RHEL 6.1 features optimized KVM virtualization, new hardware support, improved operational efficiency, and high availability (HA) improvements. It also includes improved development and monitoring tools such as an updated Eclipse development environment includes enhanced breakpoint and code generation for C/C++ and Java.
The company also announced, to no surprise, that it's improved RHEL's virtualization and cloud offerings. The company also claimed customers will see faster performance with HP and IBM hardware. You can see it for yourself. RHEL 6.1 is available to subscribing Red Hat customers today worldwide via the Red Hat Network.
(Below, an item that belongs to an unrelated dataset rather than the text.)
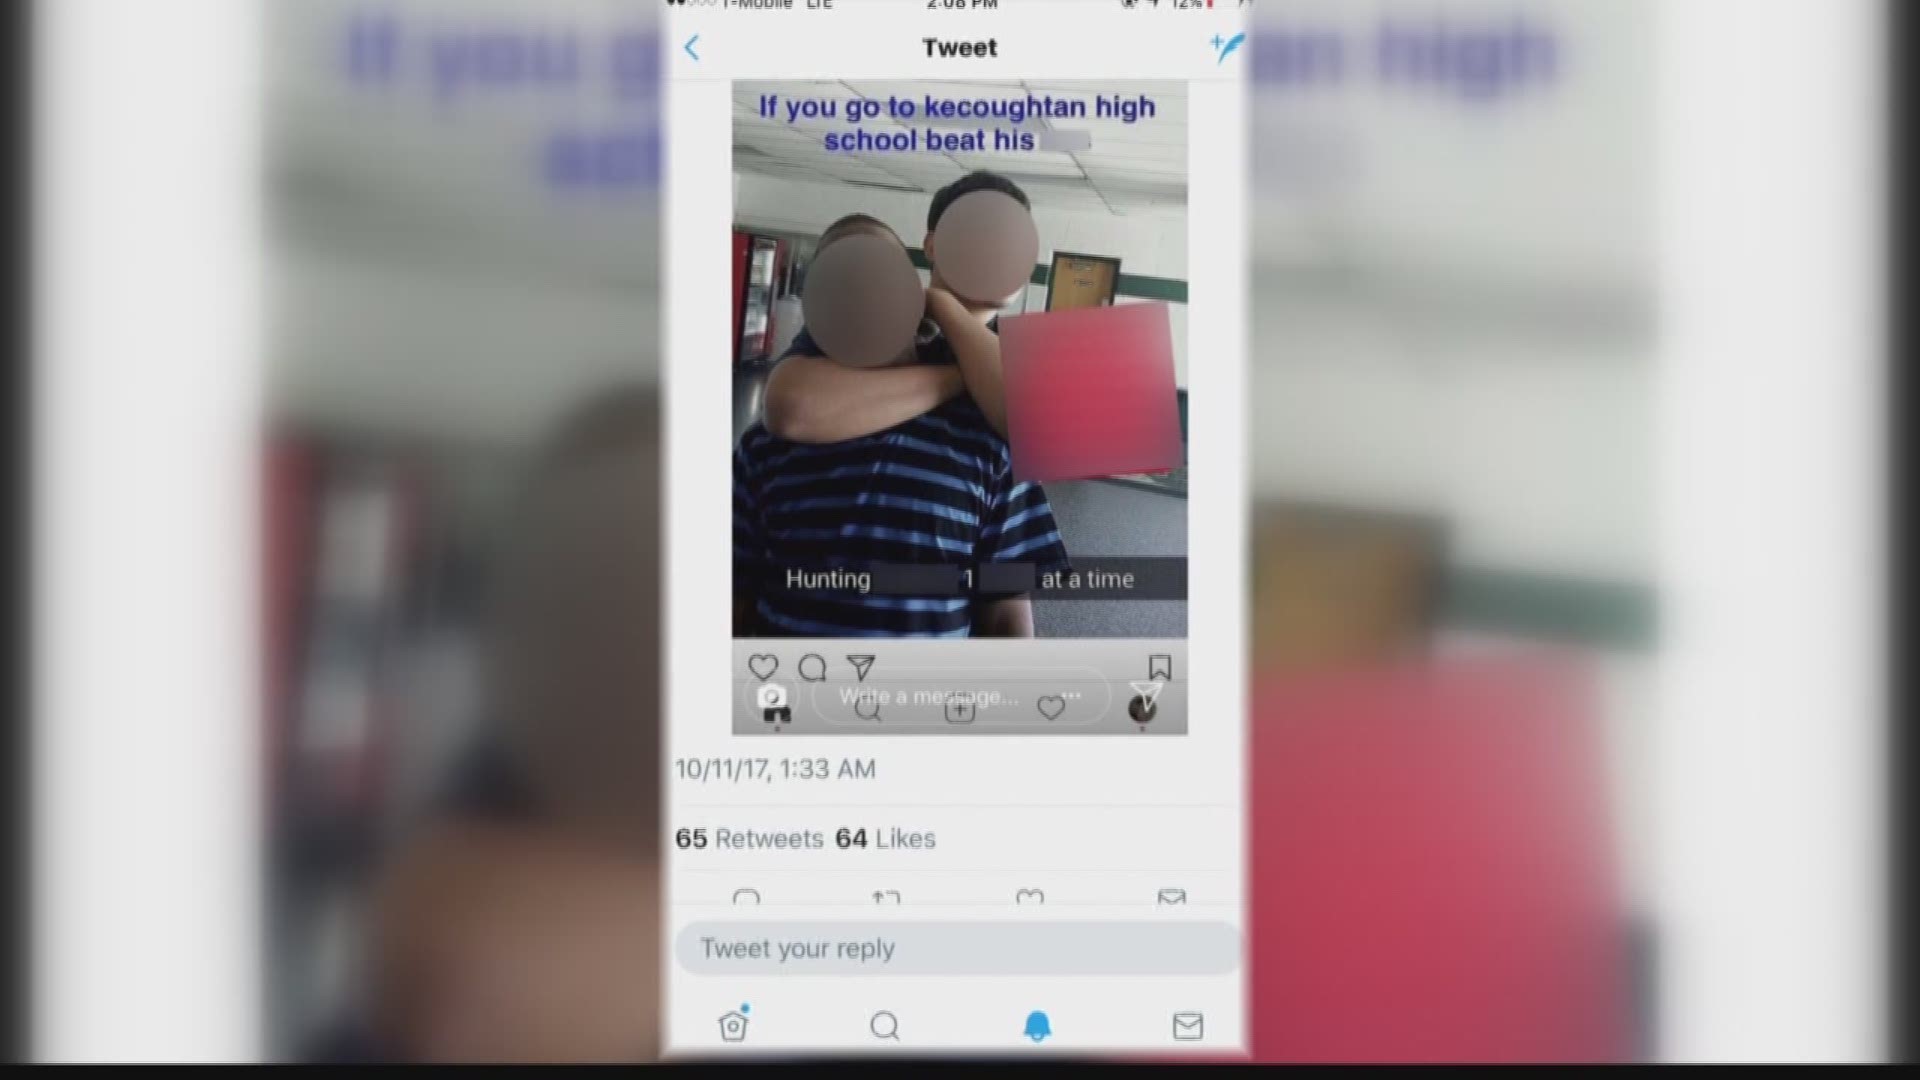 A post featuring a black student in a headlock with racial slurs prompted an investigation by Hampton City Schools.

Red Hat also commissioned a study from industry analyst firm IDC to examine its long-term total cost of ownership (TCO) benefits. This study compared RHEL with running mixed environments or non-paid Linux distributions. In a statement, Al Gillen, Program VP, System Software at IDC said that "Organizations that are heavily standardized on Red Hat Enterprise Linux, and compared those organizations with others that had a mixture of Linux distributions in use, and organizations that were heavily penetrated by non-paid Linux distributions. The outcome of the study found that there is demonstrable business benefit associated with having professional support for an operating system, compared to a do-it-yourself approach. The real benefits came from lower IT staff costs and reduced end user downtime." For the full report, see Understanding Linux Deployment Strategies: The Business Case for Standardizing on Red Hat Enterprise Linux.
At the same time all this is happening, Red Hat's most direct rivals, CentOS and Scientific Linux, both RHEL clones, are having trouble keeping up with RHEL. You may not have heard of CentOS, but it's the most popular Web server OS of all.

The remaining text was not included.